Unnamed: 0,series_id,year,value
0,PRS30006011,2022,20.500
1,PRS30006012,2022,17.100
2,PRS30006013,1998,704.125
3,PRS30006021,2010,17.600
4,PRS30006022,2010,12.500
...,...,...,...
277,PRS88003192,2002,282.800
278,PRS88003193,2022,765.817
279,PRS88003201,2022,36.100
280,PRS88003202,2022,28.900


In [23]:
len(greatest_year_by_series["series_id"].unique())

282

#### Finally, let's join these two datasets. Given the population dataset is a subset of the time period covered by the BLS dataset, we will `left join` population onto BLS, with our join key being `year`.

In [24]:
pop_bls_df = pd.merge(bls_df[["series_id", "year", "period", "value"]], pop_df[["year", "population"]], how="left", on=["year"])
pop_bls_df

Unnamed: 0,series_id,year,period,value,population
0,PRS30006011,1995,Q01,2.600,
1,PRS30006011,1995,Q02,2.100,
2,PRS30006011,1995,Q03,0.900,
3,PRS30006011,1995,Q04,0.100,
4,PRS30006011,1995,Q05,1.400,
...,...,...,...,...,...
35461,PRS88003203,2022,Q04,115.039,
35462,PRS88003203,2022,Q05,113.713,
35463,PRS88003203,2023,Q01,116.214,
35464,PRS88003203,2023,Q02,116.953,


#### On the face of it, this does appear too interesting, give we don't have population data for the head nor tail of the DF. Let's confirm our join was successful by narrowing down to those rows where population is not null.

In [25]:
pop_bls_df[pop_bls_df["population"].notnull()]

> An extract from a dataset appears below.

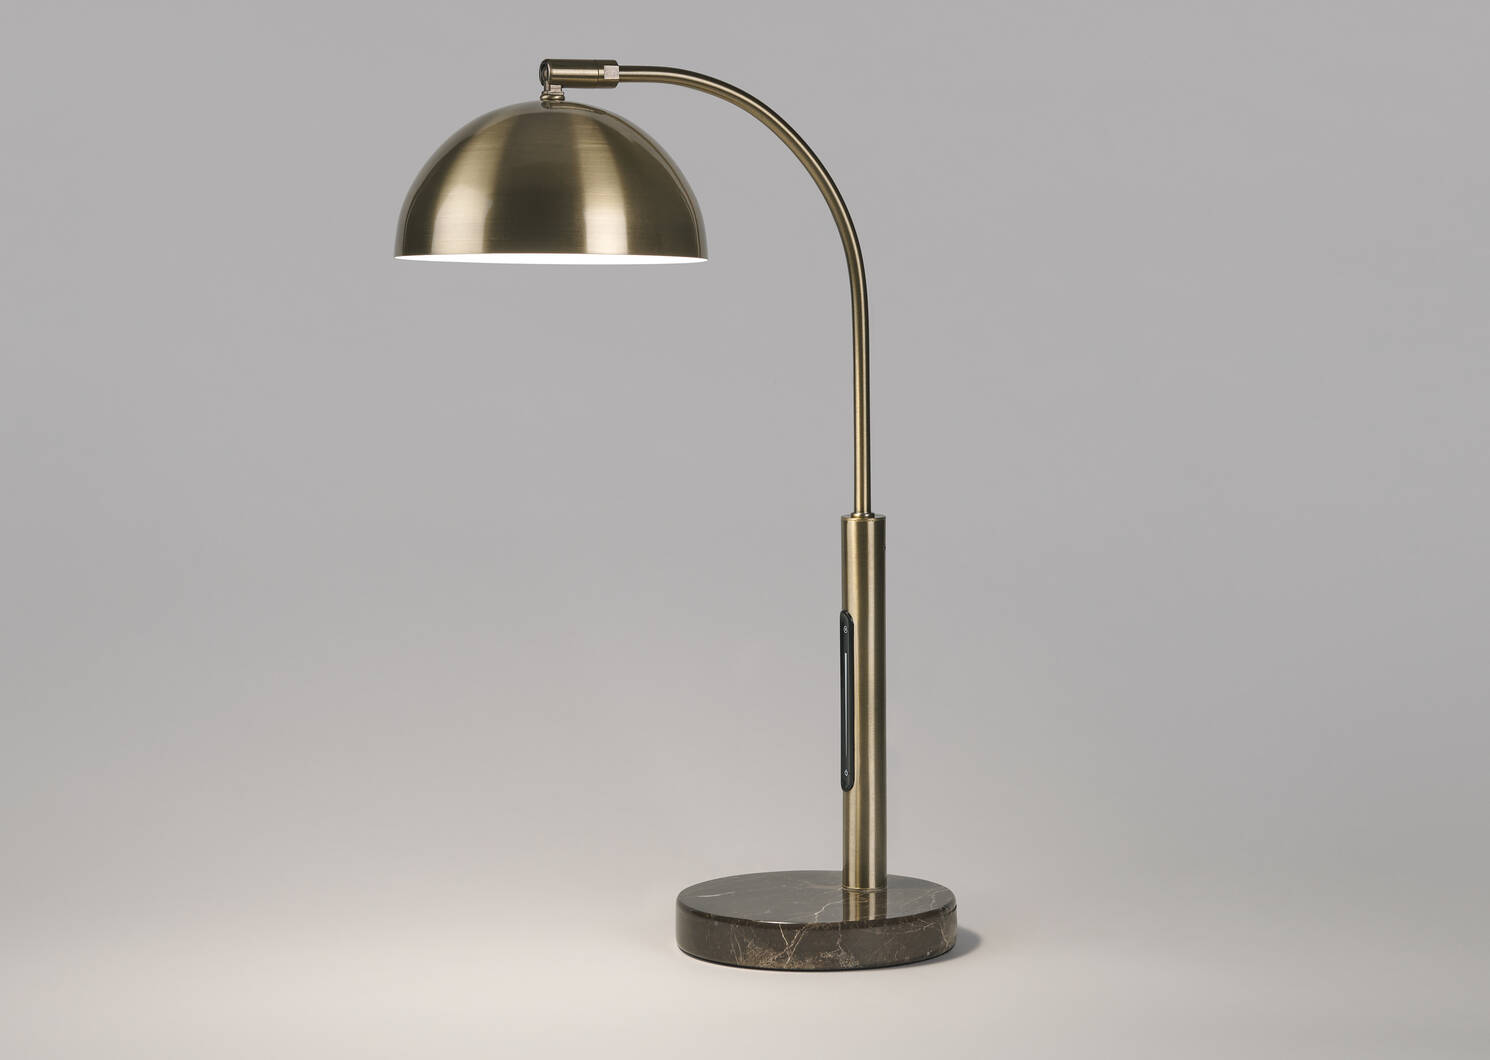 Yeaton LED Table Lamp

Unnamed: 0,series_id,year,period,value,population
90,PRS30006011,2013,Q01,1.400,311536594.0
91,PRS30006011,2013,Q02,0.400,311536594.0
92,PRS30006011,2013,Q03,0.300,311536594.0
93,PRS30006011,2013,Q04,0.700,311536594.0
94,PRS30006011,2013,Q05,0.700,311536594.0
...,...,...,...,...,...
35453,PRS88003203,2021,Q01,104.239,329725481.0
35454,PRS88003203,2021,Q02,104.345,329725481.0
35455,PRS88003203,2021,Q03,106.517,329725481.0
35456,PRS88003203,2021,Q04,109.157,329725481.0


#### There we go! Now we are confident our data has been merged successfully.

## And that's a wrap! Thank you for your time and consideration. I look forward to your feedback.